Some of these notes are even concealed within the covers of the texts.

"They are family secrets, rulings, but also sometimes indications that enable 'the keeper of the secret' to find hidden manuscripts again," said his wife Hawa, now a refugee with her children in a working class district of the capital, Bamako.

"Today, nobody will tell you where he has hidden manuscripts", the 45-year-old added in a gentle voice.

"If families had agreed, like the ministry and aid donors wanted, to put the manuscripts at the disposal of the Ahmed Baba Center, they would all be lost."

"We're back in the time of secrecy," her husband said. "When I decided to create this library, a part of the family said 'No, it's dangerous.' But as a historian, I felt they should be displayed. Alas, now I ask myself if my family wasn't right."

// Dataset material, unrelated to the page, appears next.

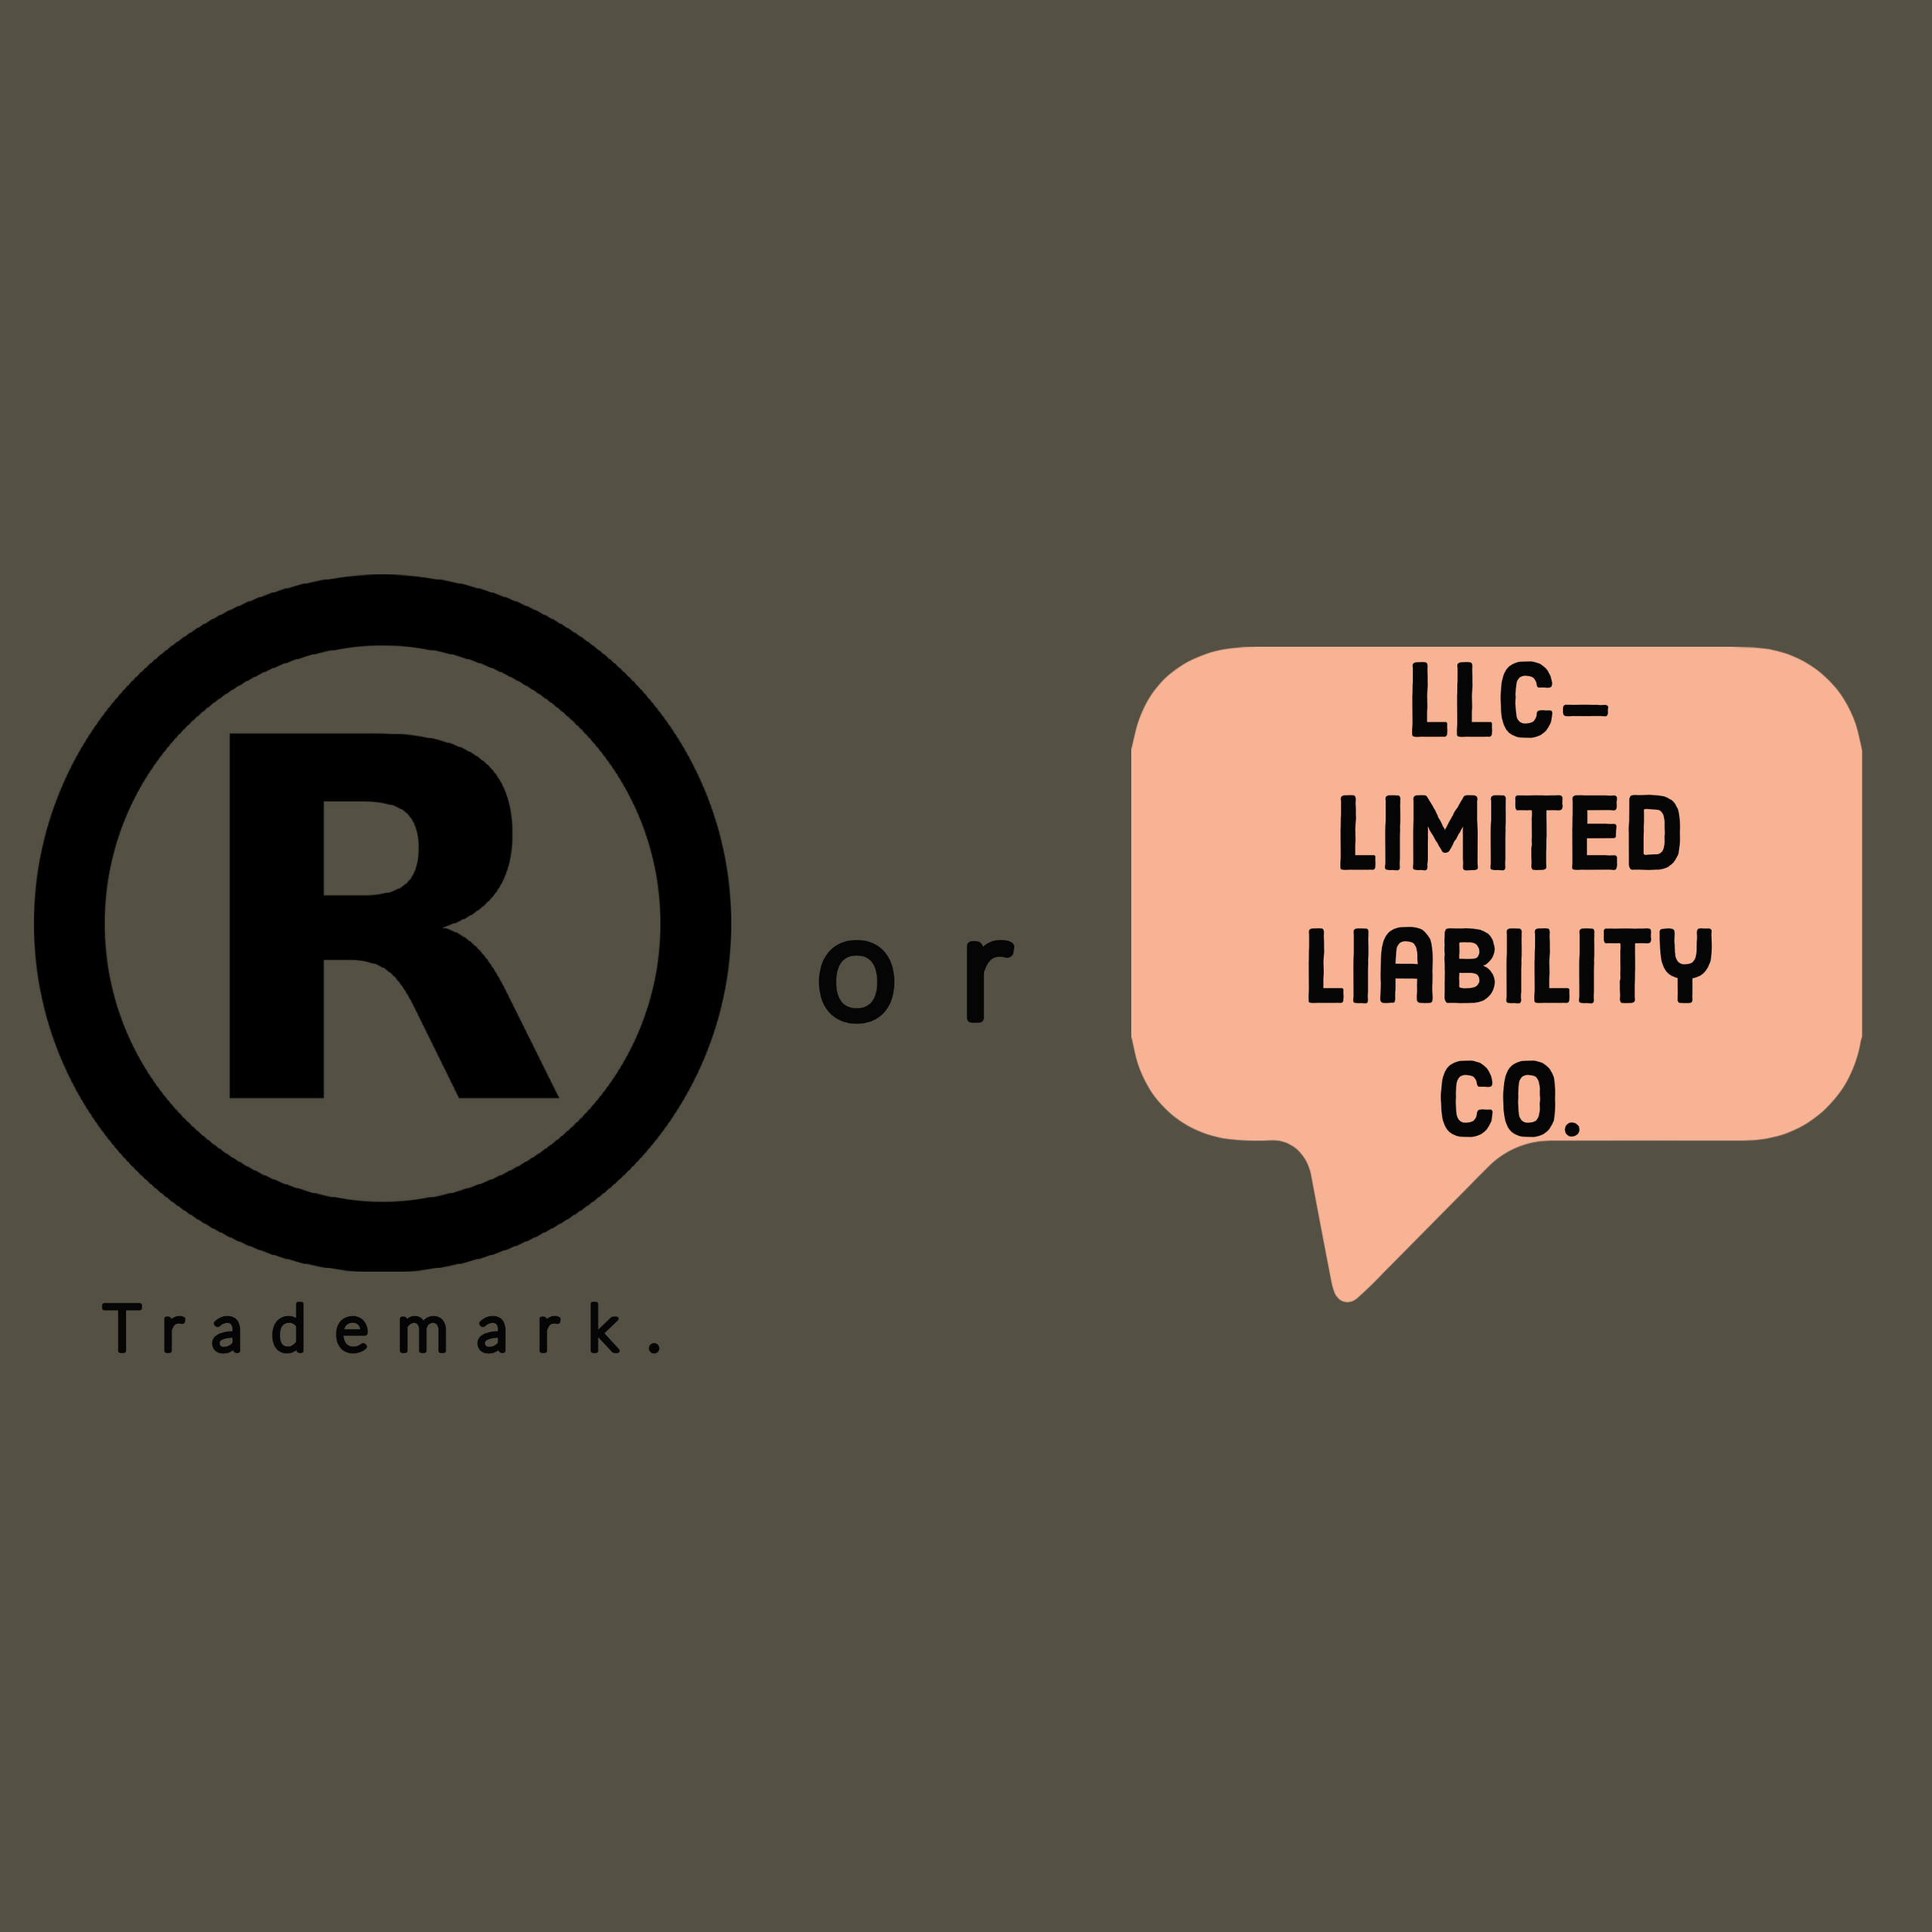 LLC First or Trademark?

Funds alone will not save the manuscripts from being destroyed or trafficked abroad in the future and sold, said al-Quti, who was skeptical of the U.N. action plan. "UNESCO should rethink its heritage policy."

"It's not just money that is needed. UNESCO should directly involve the librarians and define a legal, administrative and security framework. If they don't do that, they will fail again," he warned.

In the meantime, al-Quti will keep the location of his manuscripts secret. "For five centuries our library has faced upheavals. We're in no hurry."